Actually, this is maybe a meta point on this whole conversation. We were at colleges; Tyenne and I went on this college tour, and we spent several weeks speaking to college students, and I realized that there’s this piece of startup advice that became canon that I think is outdated. Back in the pre-AI era, it was really hard to come up with good new startup ideas because the best idea space had been picked over for like 20 years.

A lot of the startup advice that people would hear would be like you really need to sell before you build. You have to do detailed customer discovery and make sure that you’ve found a real new customer need, like the lean startup. Yeah, exactly.
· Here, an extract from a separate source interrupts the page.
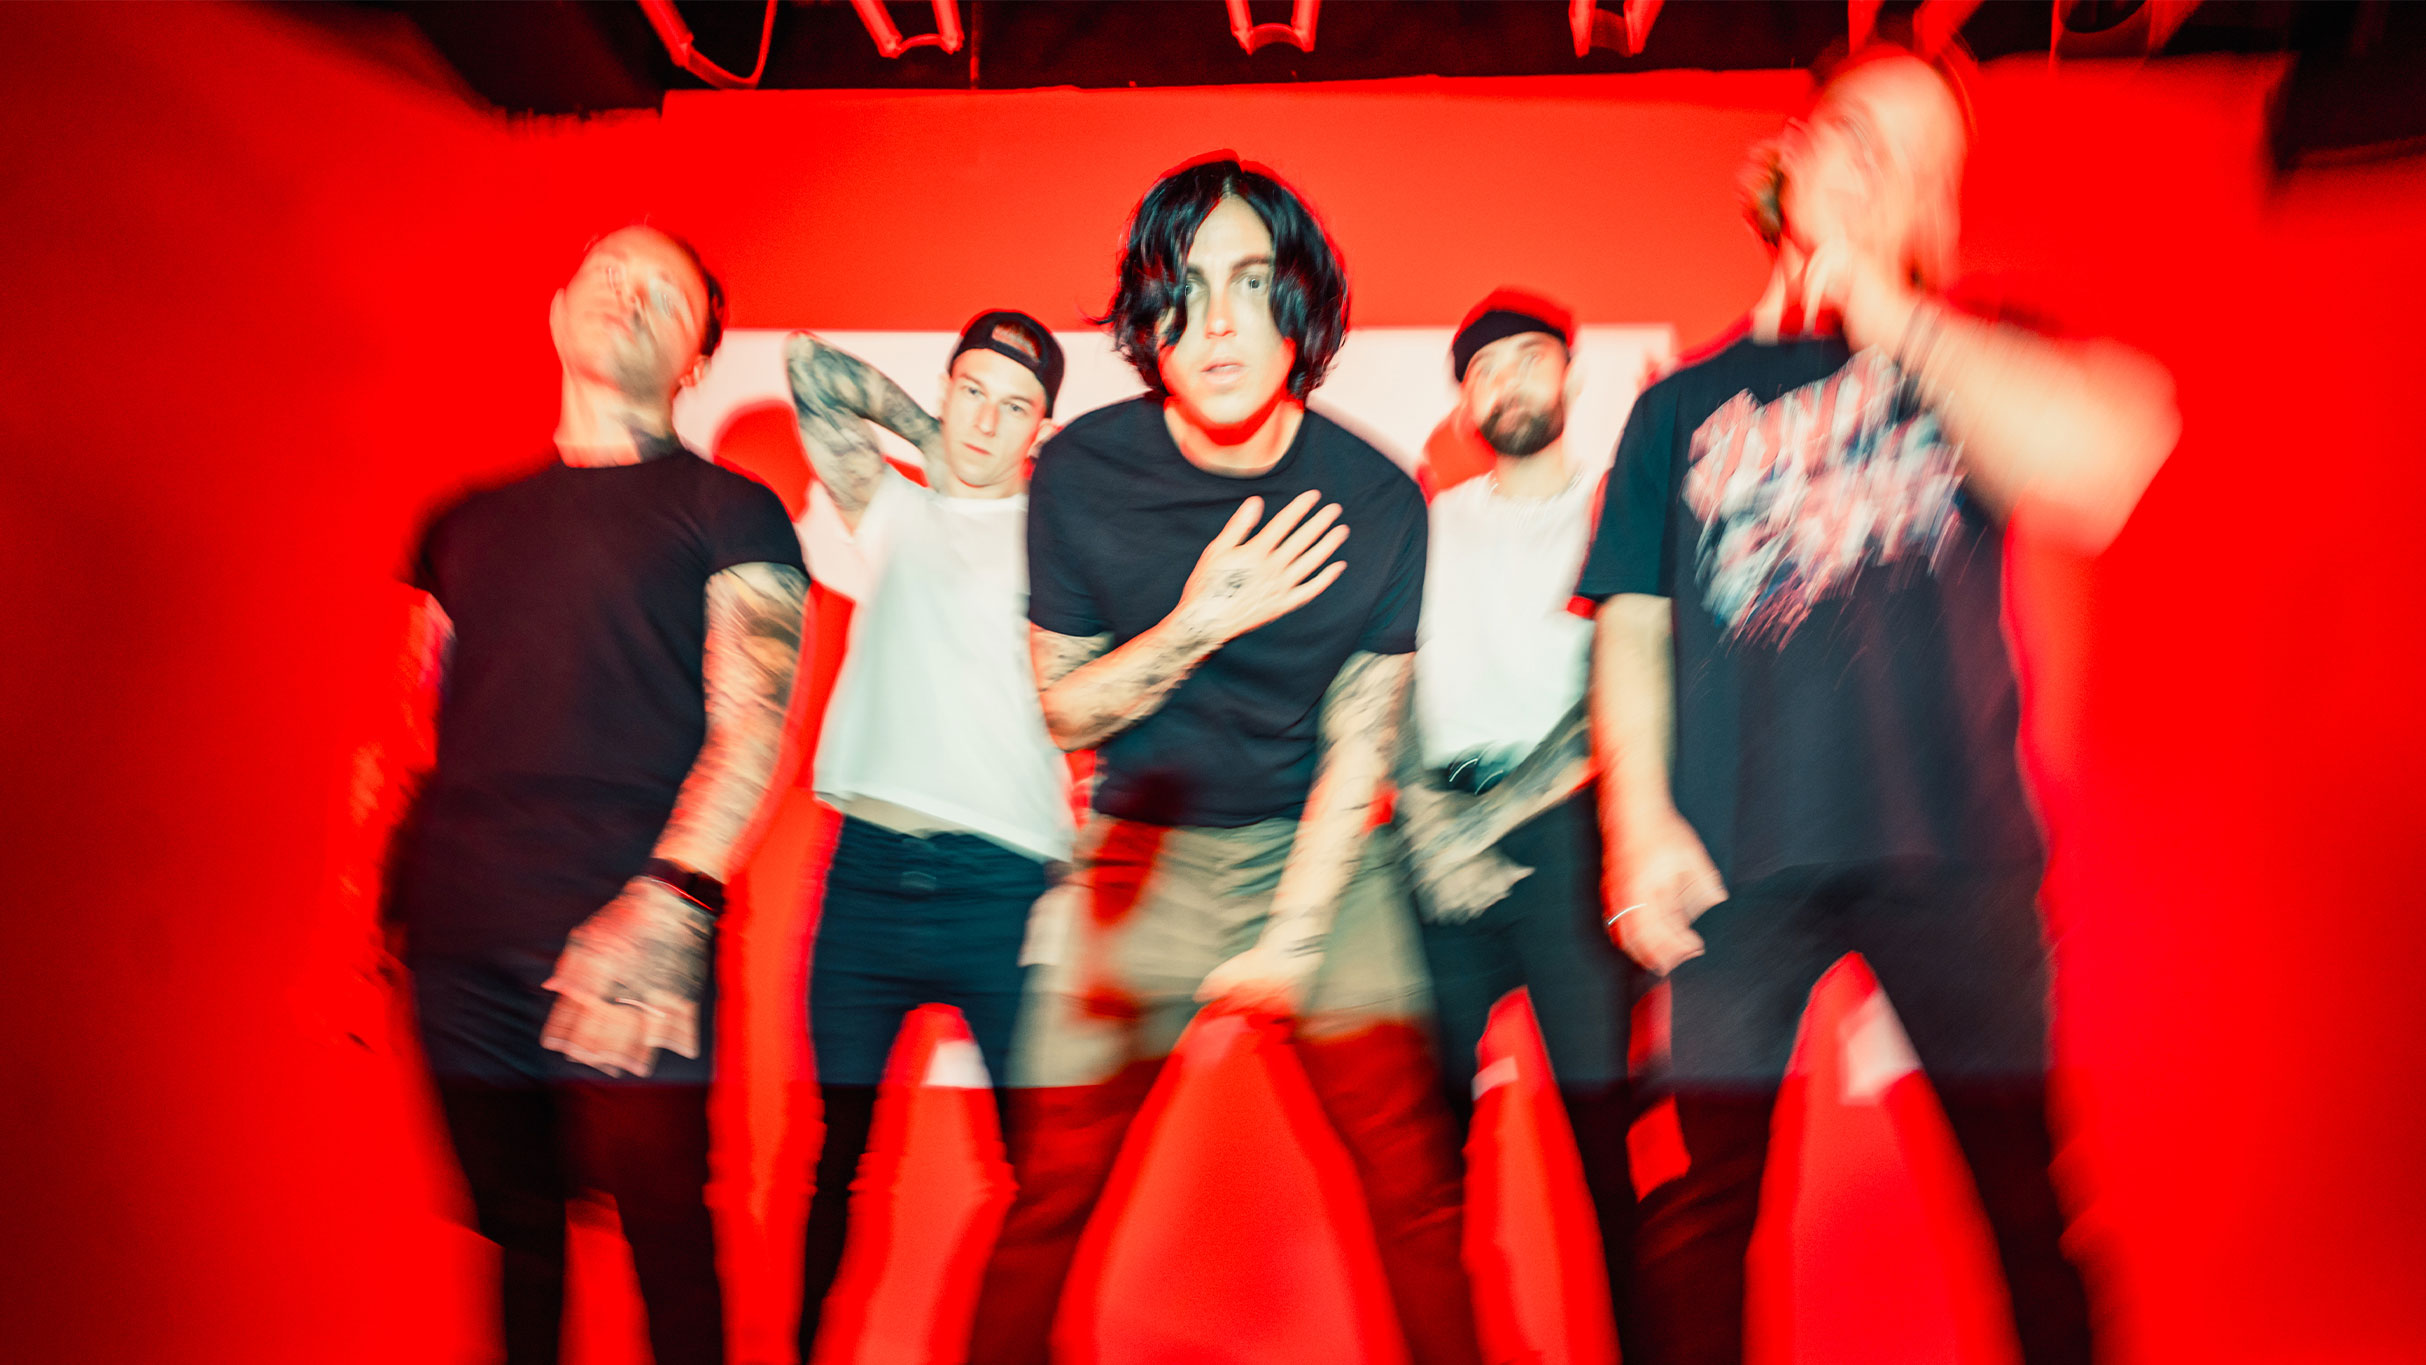 Sleeping With Sirens: Let's Cheers to This Tour presented by WJRR

Fail fast, all this stuff.

That is still the advice that college students are receiving for the most part because it became so dominant. But I would argue in this new AI era that the right mental model is closer to what Harge said, which is just use interesting technology, follow your own curiosity, figure out what’s possible, and if you’re doing that, if you’re living at the edge of the future, like PG said, and you’re exploring the latest technology, there are so many great startup ideas, and you’re very likely to just bump into one.
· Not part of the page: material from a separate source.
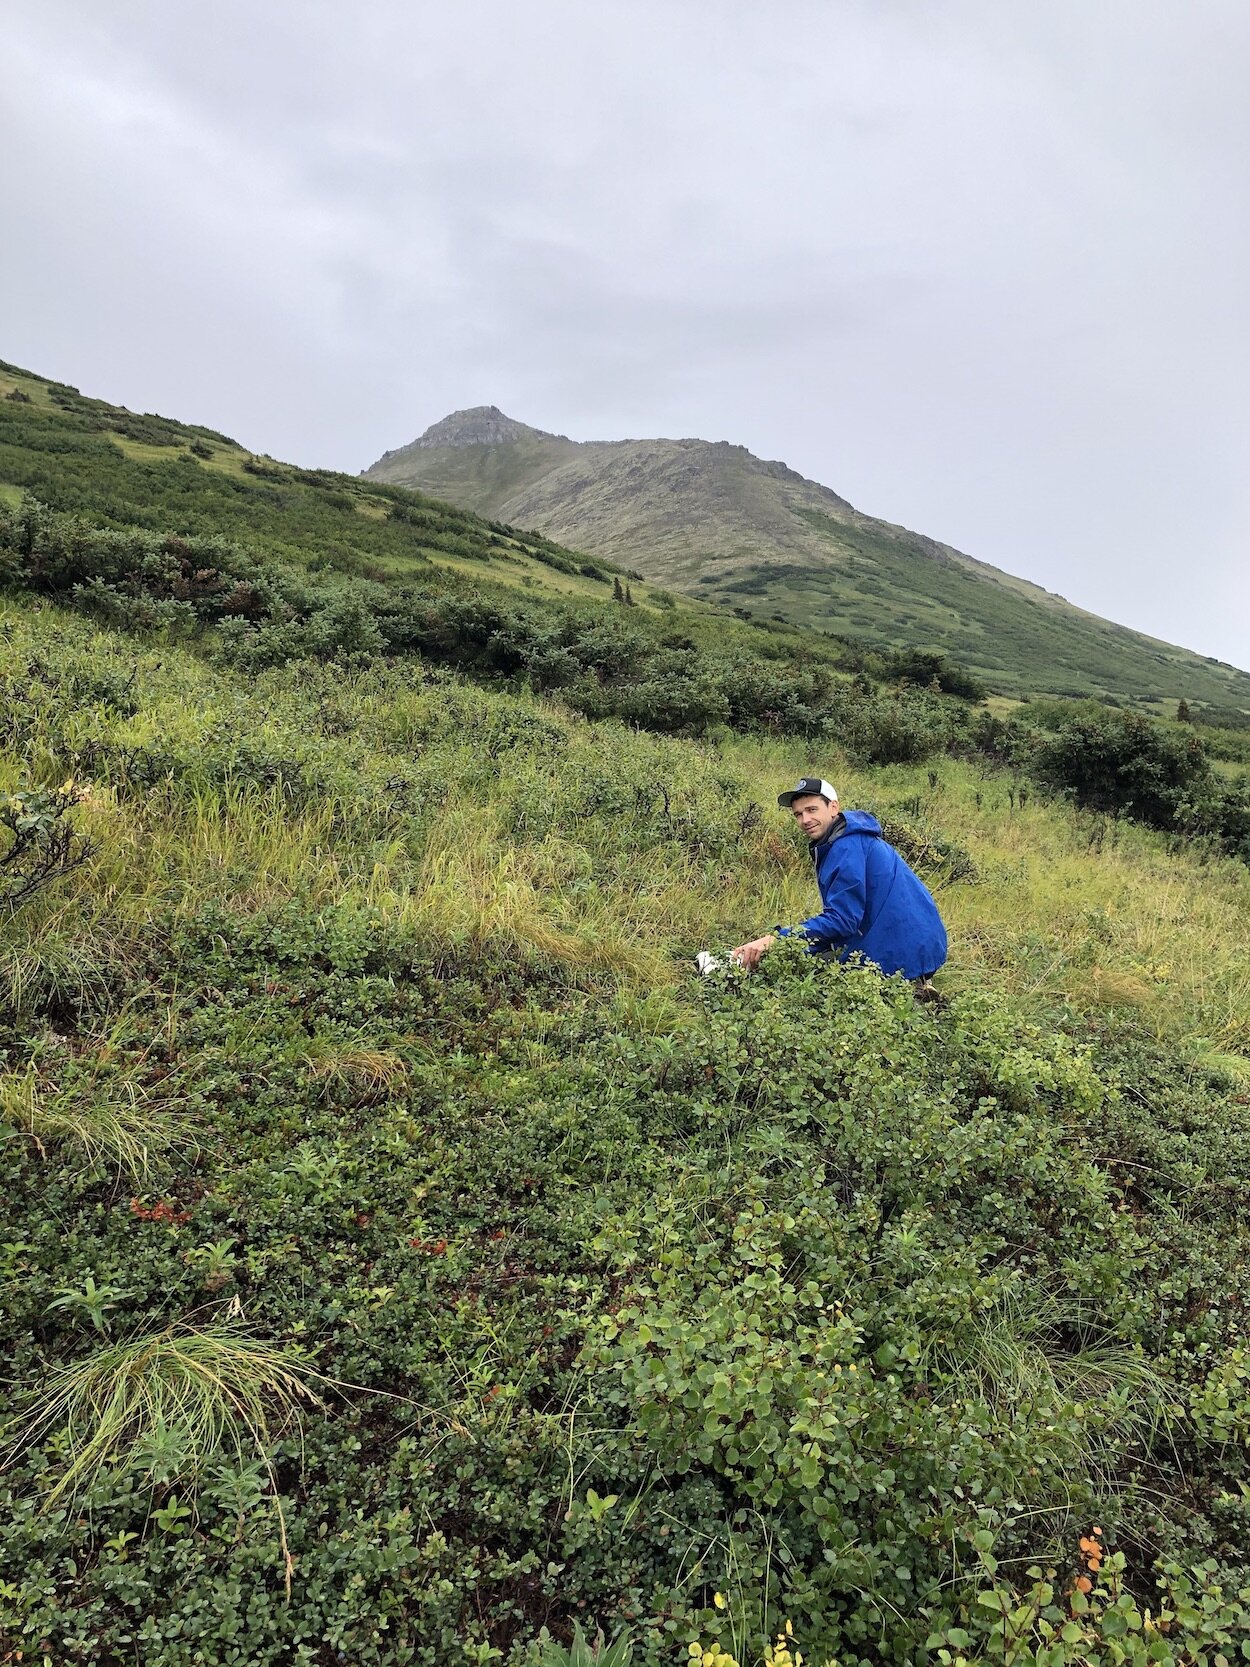 Berry picking in the Chugach Mountains

I guess the reason why it could work extra well today is that if you apply the right prompts and the right data set and a little bit of ingenuity, the right evals, a little bit of taste, you can get magical output. And then that’s still a secret, I think.

I mean, you can tell it’s still a secret because you could look at there are hundreds of unicorns out there that still exist and that are doing great. Growing year on year, have plenty of cash, all of that. But the number of them that are actually doing any sort of transformation internally is not that many; a shocking few number of companies that are 100 to 1,000 person startups that are going to be great businesses.

But that class of startup, by and large, they are not entirely aware; there isn’t a skunk works project in those things yet. The extent of it is maybe the CEO is playing around with it. Maybe some of the engineers who are forward-thinking are doing things in their spare time with it. Maybe they’re using Windsor for cursor for the first time, and it’s like you look down and you’re like what year is it?

It’s a little bit like, hey, you know, get on this. I think Bob McGru came on our channel, and he was just shocked. He was one of the guys as chief research officer building what became 01 and 03 and all these things, and then he releases it, and like who’s using it?

He expected this crazy outpouring of intelligence; it’s too cheap to meter, this is amazing, and it’s like actually like people are mainly just still on our quarterly roadmap unchanged from even a year ago. Yep. Pretty wild.

Okay, cool. I think that’s all we have time for today. My main takeaway from this has been there’s never a better time to build. So many ideas are possible today that weren’t even possible a year ago. The best way to find them is to just follow your own curiosity and keep building. Thanks for watching. See you on the next show.